Just Call It a Reward for the Student Hero : Youths who report gun-toting peers deserve cash award
There are few things more unconscionable than bringing a dangerous weapon to a school, especially if that weapon is a gun. It destroys concentration even if it is only used to intimidate or to show off. And if that gun is eventually used there to maim, wound or kill, the tragedy goes far beyond the shooting victim or victims.
The learning atmosphere that school staffs have labored so long and hard to create is destroyed at least for a few days, and perhaps much longer. You can forget about anyone concentrating on classes for the rest of that afternoon. You can count on a few dozen nightmares that night. You can count on having parents and children who will think that maybe they will skip school until things are under control.
You can count on the need for counselors at that school for students who need to talk about it. And you can count on a lot of brainpower and energy being spent not on learning, but in countless meetings on what to do to make the school more secure.
Now, the Los Angeles Unified School District and the school board have an idea. They are thinking about giving students a modest monetary reward of $25 to $75 for coming forward and reporting gun and drug-toting peers soon enough to avoid such tragedies. What, we ask, is so wrong with that idea? Not much.
The problems of guns and knives in school districts around the region are vast, and certainly not confined to crime-ridden and gang-scarred neighborhoods. Last school year, for example, folks were applauding a decline in the number of LAUSD students who had been recommended for expulsion for bringing guns and knives to school. The figure had dropped to 800 incidents. Well, big deal. That’s still 13% higher than it was in the 1986-87 school year. And those are just the guns and knives that were discovered. How many more might there be?
For that answer, consider that so-called law-and-order town, Simi Valley. In a report this year that revealed a surprising problem, nearly 10% of 5,000 students surveyed there said they had seen a gun on campus in the last month. About 5% said they had been threatened with a gun, and 5% of the teachers said they had been threatened as well. This is an immense problem.
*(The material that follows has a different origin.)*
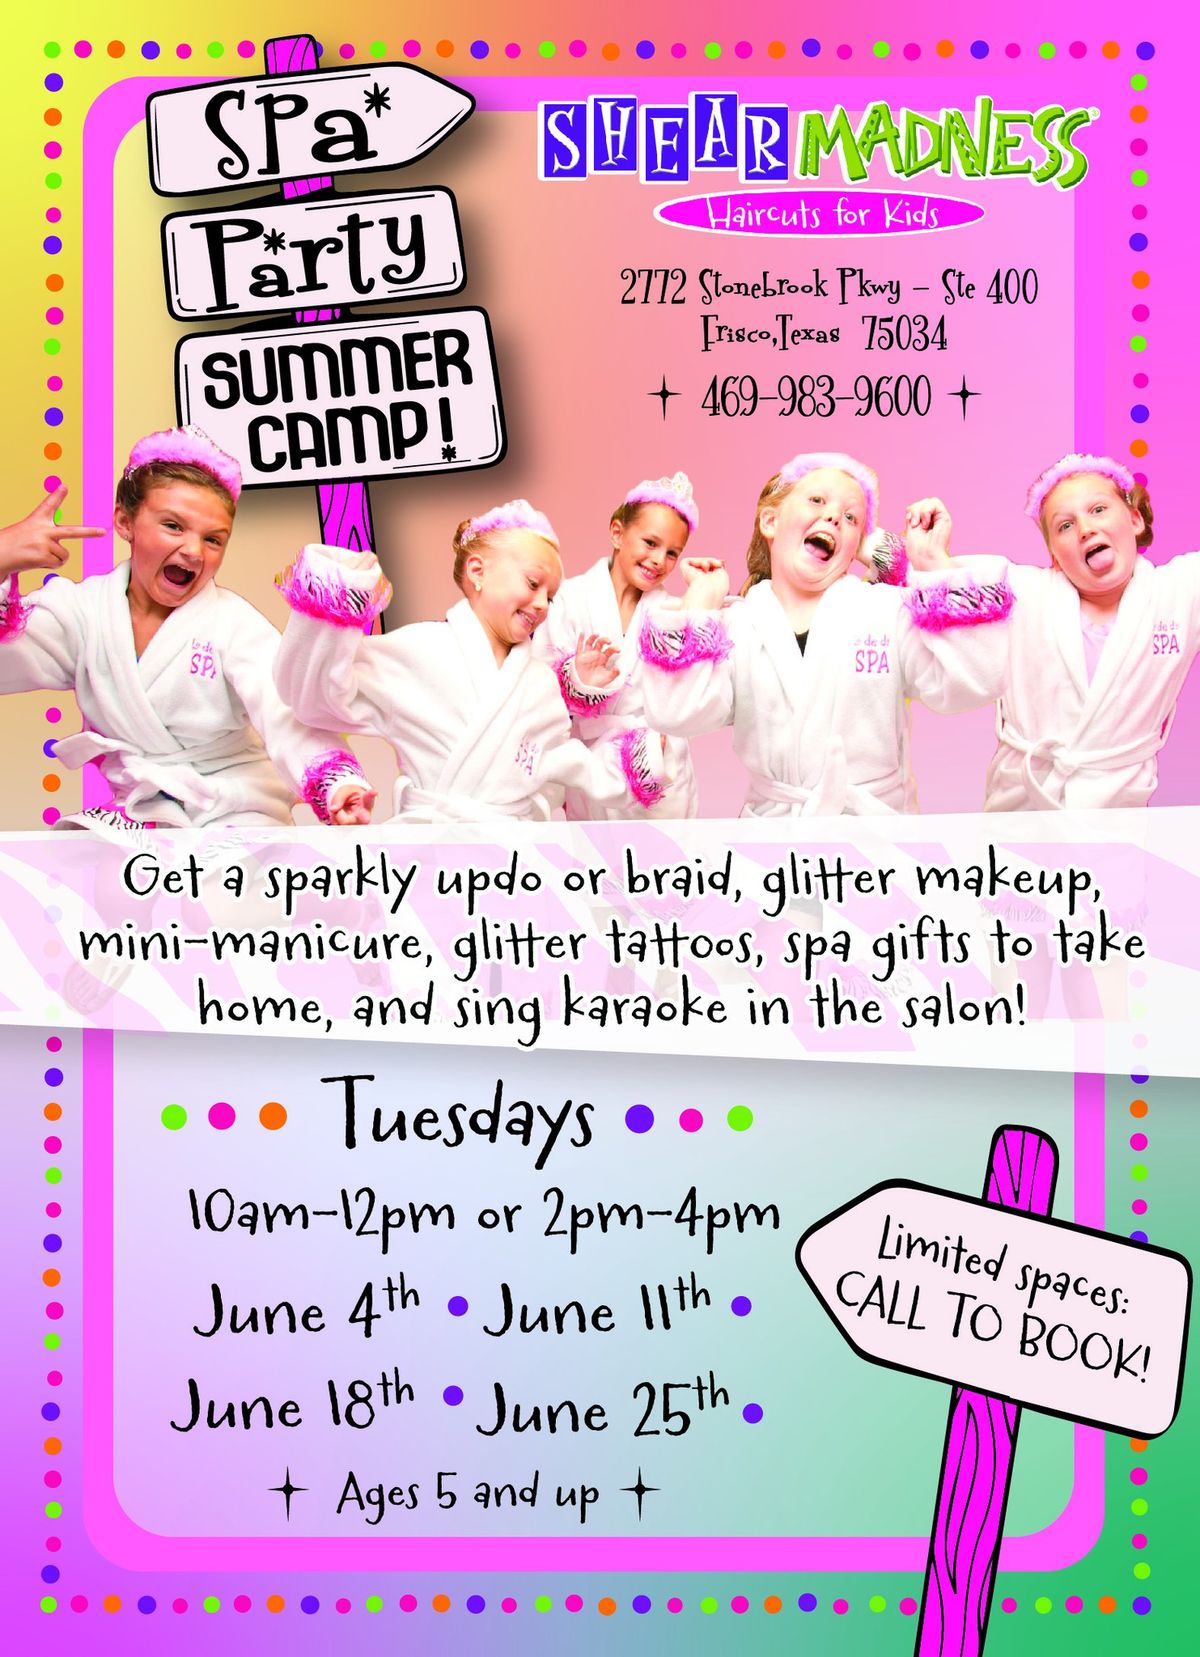 Spa Camp for Kids!

But we are hearing from all manner of so-called experts who are throwing cold water on the idea of a small reward for students who report such incidents. They ought to stop wasting our time.
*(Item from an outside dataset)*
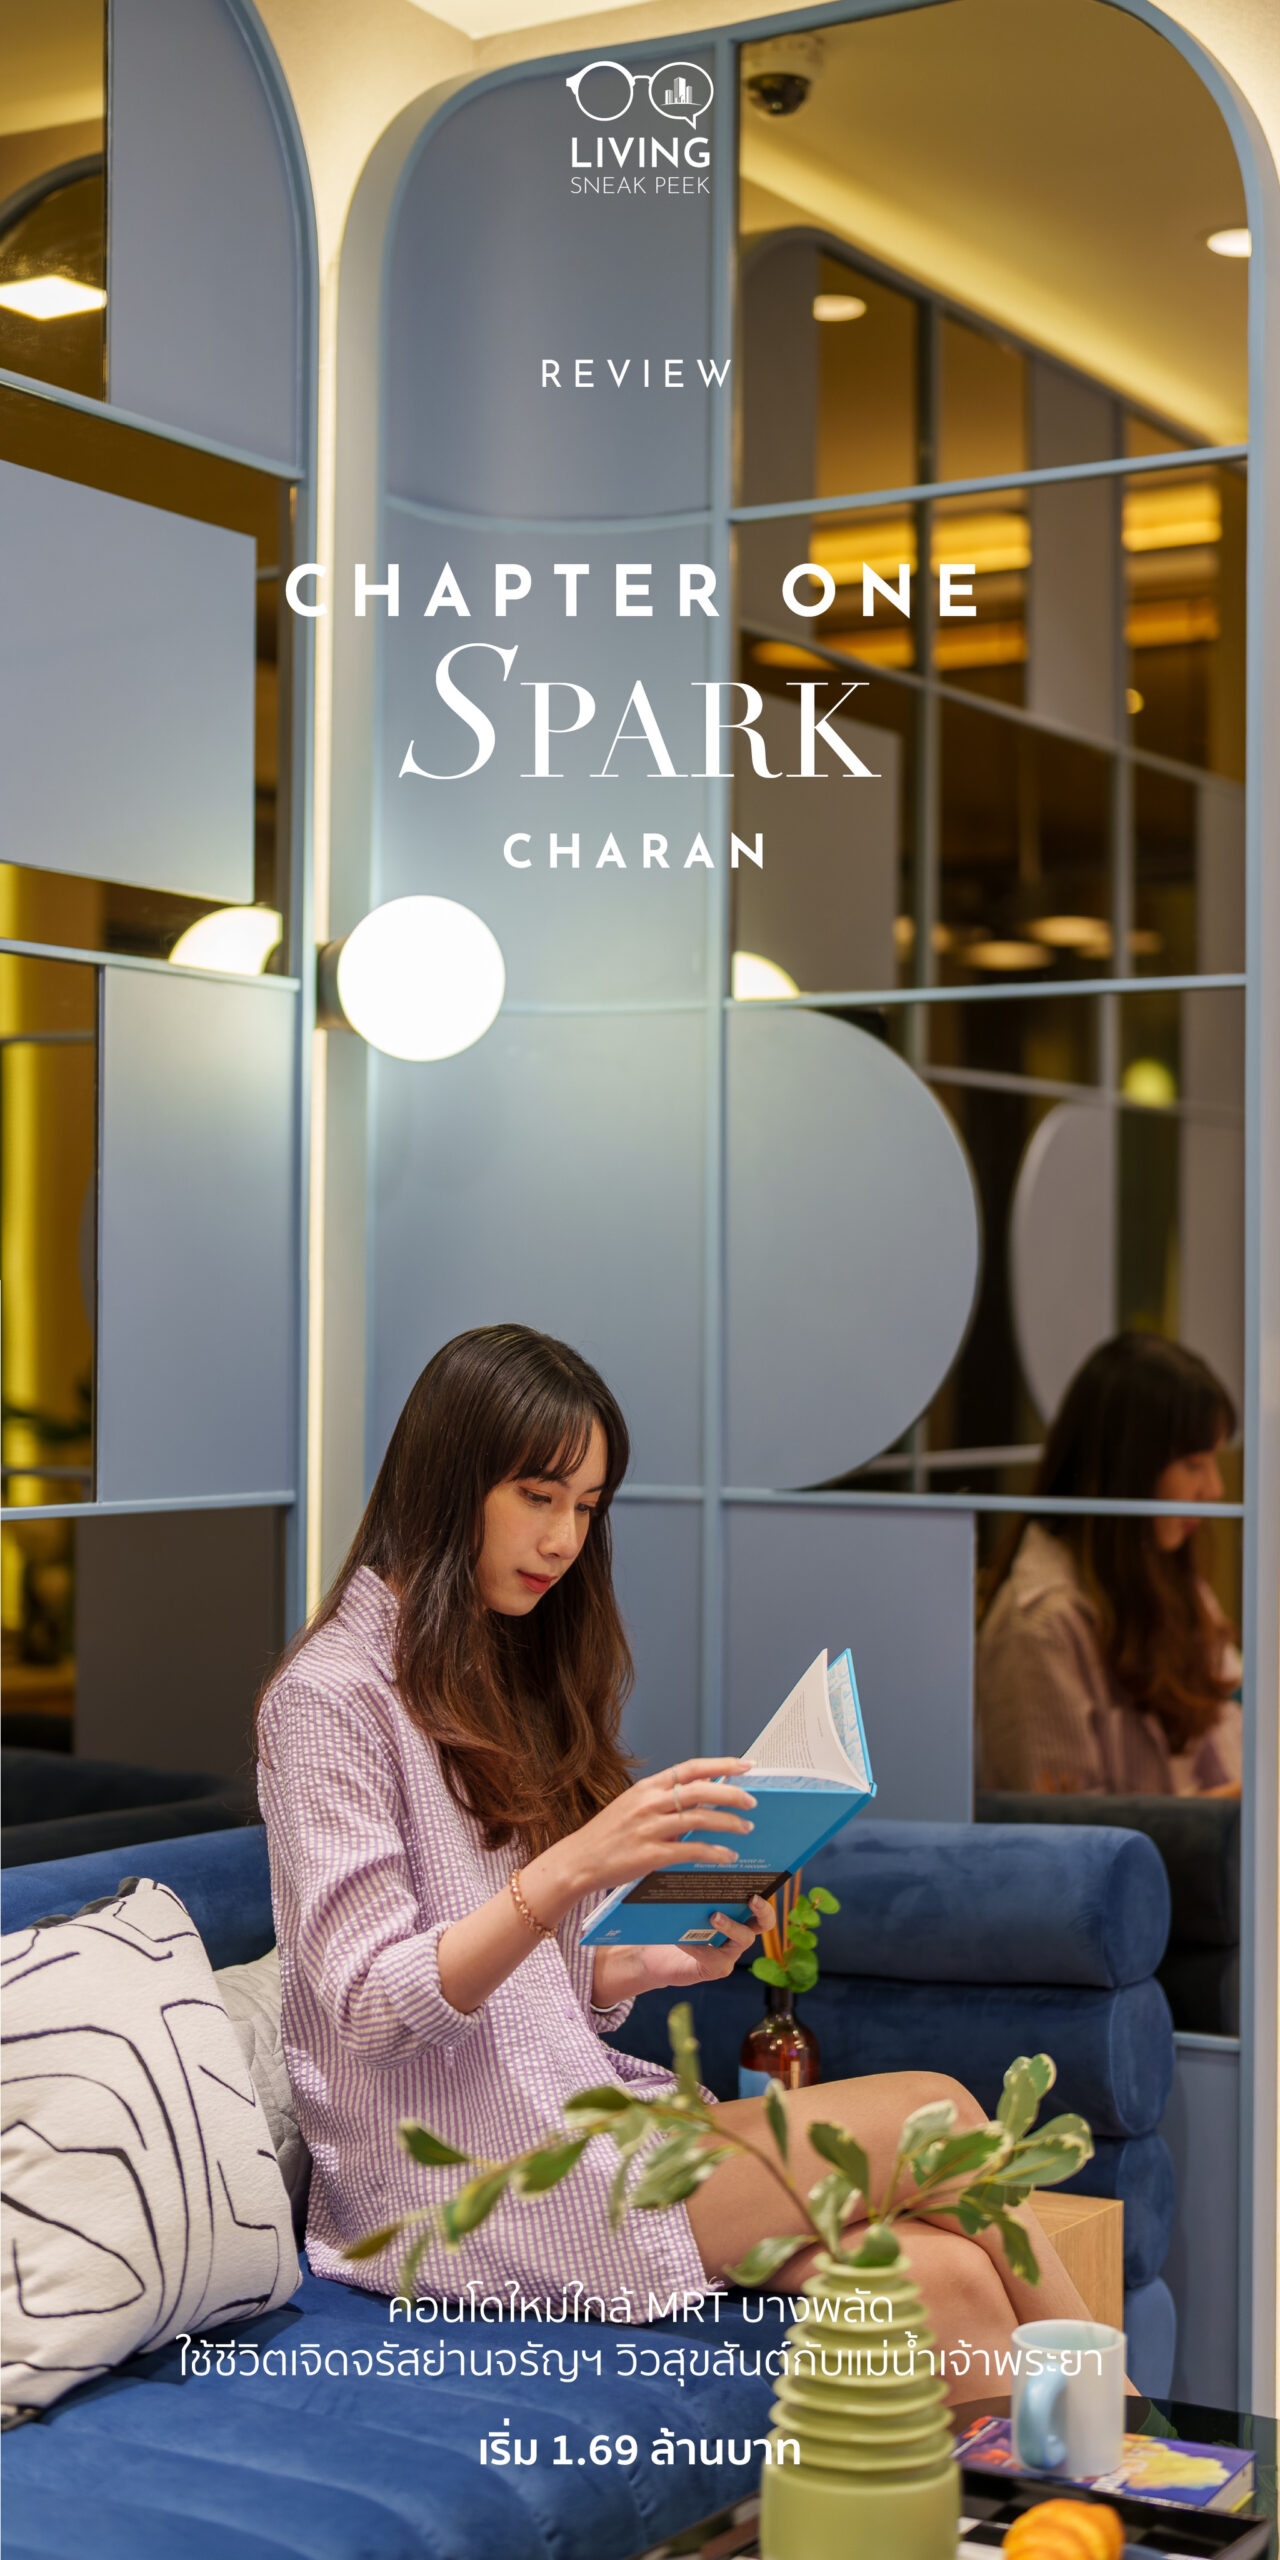 Chapter One Spark Charan

They have labeled rewards as a competition between safe schools and the development of civic responsibilities. Huh? Others say we should be teaching responsibility. Granted, so go ahead and teach it. Still others say it will be detrimental to overall character development. They must be kidding. And one brilliant Yale professor called it “being a snitch who gets paid money to inform.”
Please.
Do we think so little of our teen-agers that we believe that they can be irreparably corrupted for less than the cost of a pair of Nikes?
And any reference to these students as snitches, stool pigeons, rats or informants merely feeds into the problem that we are all trying to solve, which is to get more students to come forward.
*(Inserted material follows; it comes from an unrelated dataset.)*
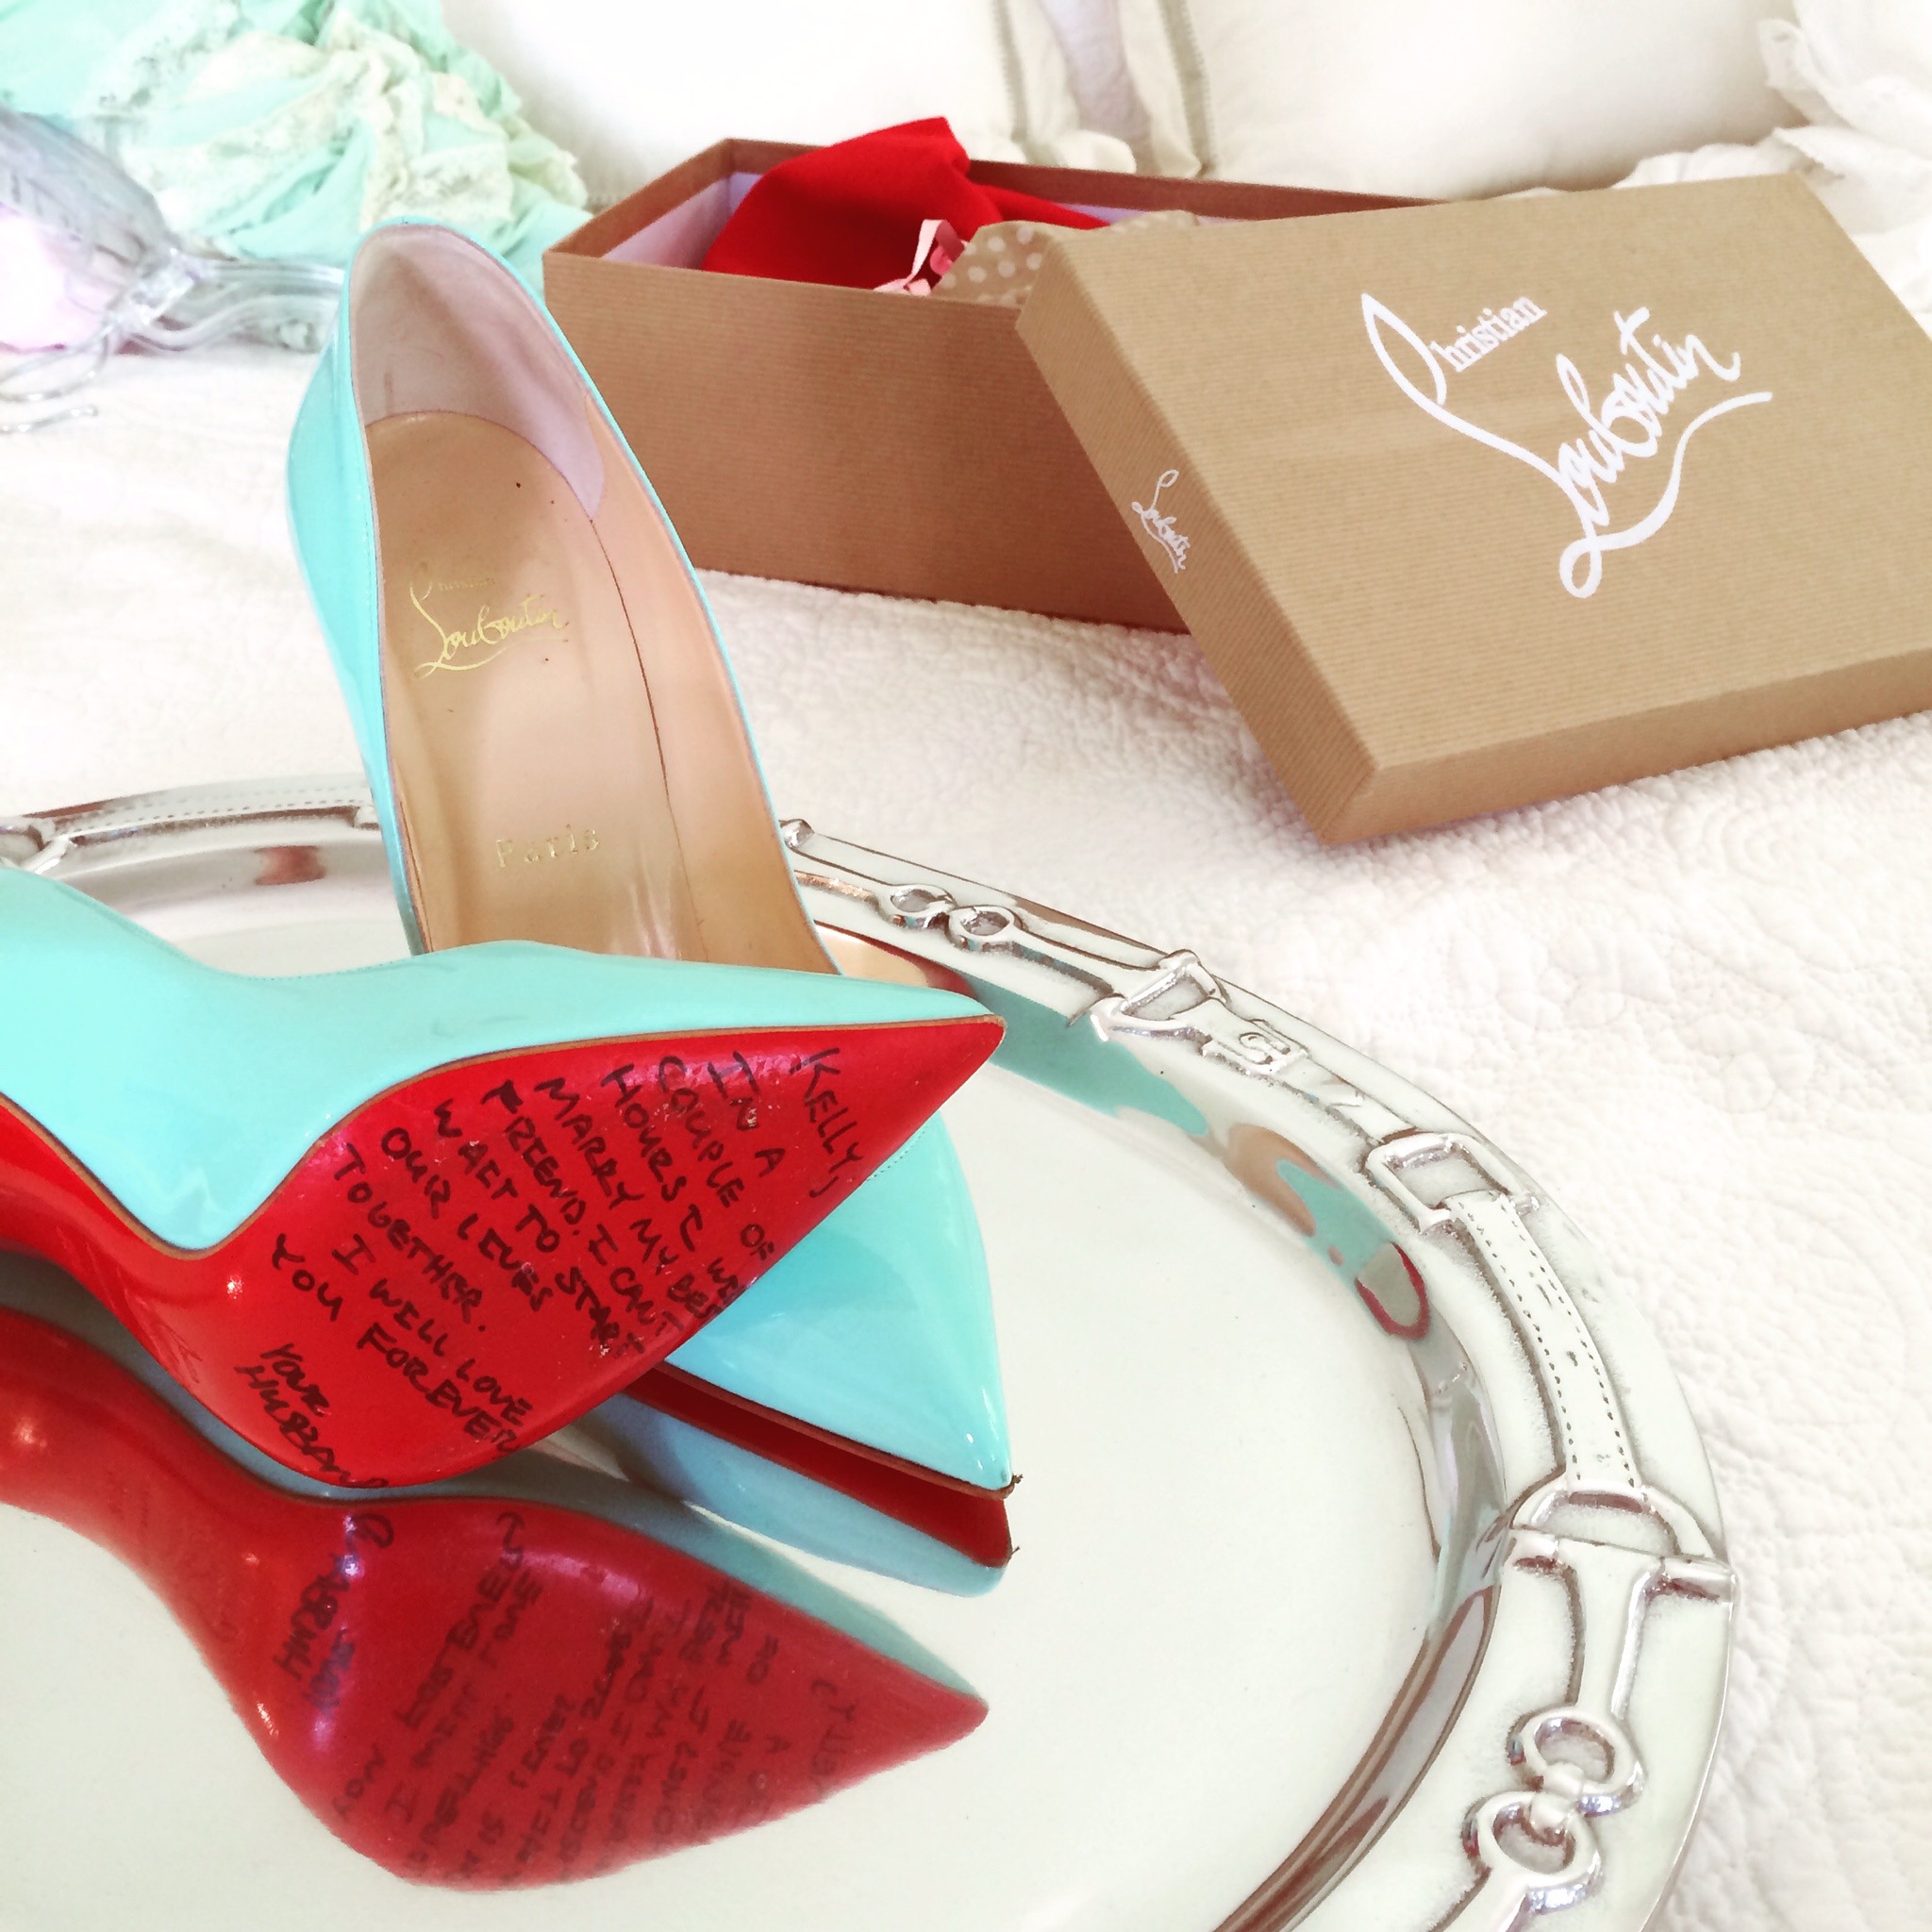 Christian Louboutin Wedding Shoes, Love Letter from Groom, Blue Wedding Shoes

Any child who reports the peer who has a gun, or reports someone who is extorting money, or reports someone who is selling drugs can be described in one word. He or she is a hero, purely and simply. It is our desire to protect such children from retaliation that prevents us from granting them a more proper public recognition. So, a small reward can be one way of showing them that they are worthy of a palpable form of gratitude for their deeds.
Perhaps less time should be spent on overblown moral debates. It would be better spent on figuring out the safest and most effective way to implement the reward plan.